The growth in trade with Laos, Malaysia, and Cambodia reflects this interconnectedness, with each country offering unique opportunities. Laos, for instance, serves as a conduit for goods heading to China via the Kunming-Bangkok corridor, while Malaysia provides access to maritime routes and Islamic markets. Cambodia, though smaller in trade volume, is a growing partner with increasing demand for Thai consumer goods. Against this backdrop, the dip in Myanmar trade, while concerning, is a relatively minor setback in an otherwise upward trajectory.
Yet, the Myanmar situation underscores the fragility of trade reliant on stable political environments. Unlike Laos or Malaysia, where relative stability allows for predictable trade planning, Myanmar’s ongoing crisis introduces uncertainty. Thai policymakers must navigate not only bilateral trade concerns but also the humanitarian and security implications of Myanmar’s instability, which often spill across the border in the form of refugee flows and illicit activities.

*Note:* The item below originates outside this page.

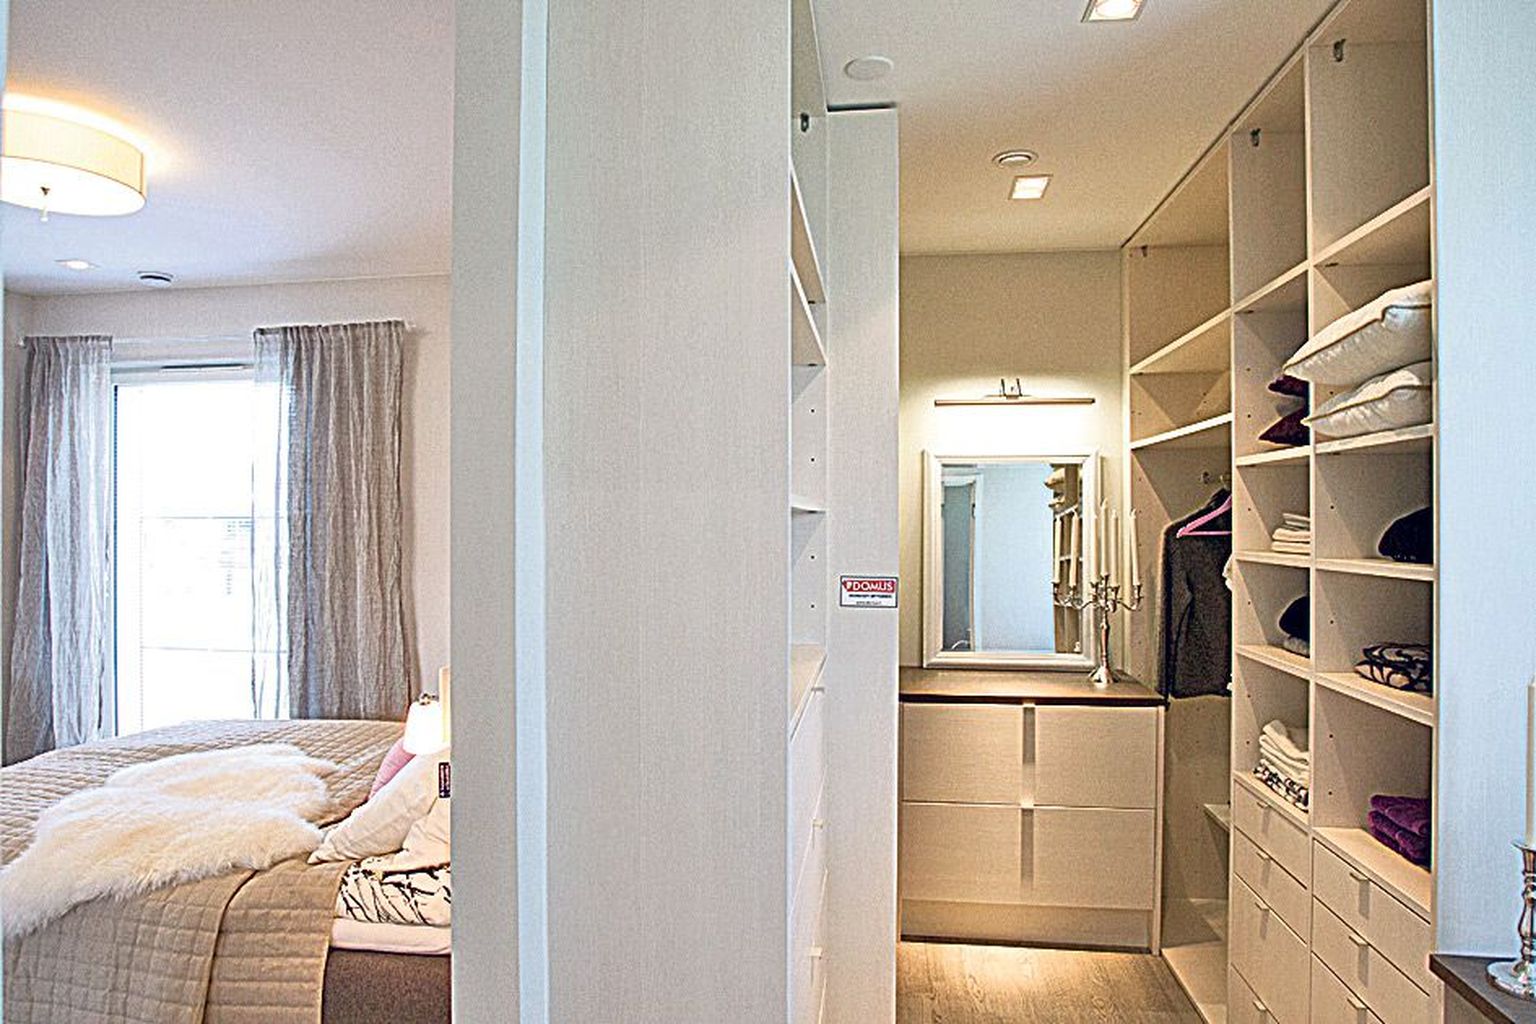 Hea lahendus: magamistoast on eraldatud mahukas garderoob.

Looking Ahead: Opportunities and Risks
As Thailand seeks to bolster its position as a regional trade hub, the government’s response to the Myanmar trade downturn will be telling. Efforts to diversify export categories and strengthen non-energy trade are promising, but they must be paired with pragmatic border policies that facilitate rather than hinder legitimate commerce. The upcoming Border Trade Fair in Mae Sot could serve as a testing ground for such approaches, offering a platform to rebuild trust among traders and showcase Thailand’s commitment to economic partnership.
At the same time, the broader surge in border and transit trade signals resilience in Thailand’s economy, even as specific corridors face headwinds. With transit trade to China growing rapidly, Thailand is well-positioned to capitalize on global supply chain shifts, particularly as companies seek alternatives to traditional maritime routes amid geopolitical tensions elsewhere. However, sustaining this momentum will require addressing bottlenecks at borders, investing in infrastructure, and ensuring that security measures do not come at the expense of economic opportunity.
For now, the slight decline in Thailand-Myanmar trade serves as a reminder of the intricate interplay between economics and geopolitics in Southeast Asia. As both countries grapple with internal and shared challenges, the path forward will depend on finding common ground at their shared border—a frontier of both opportunity and uncertainty.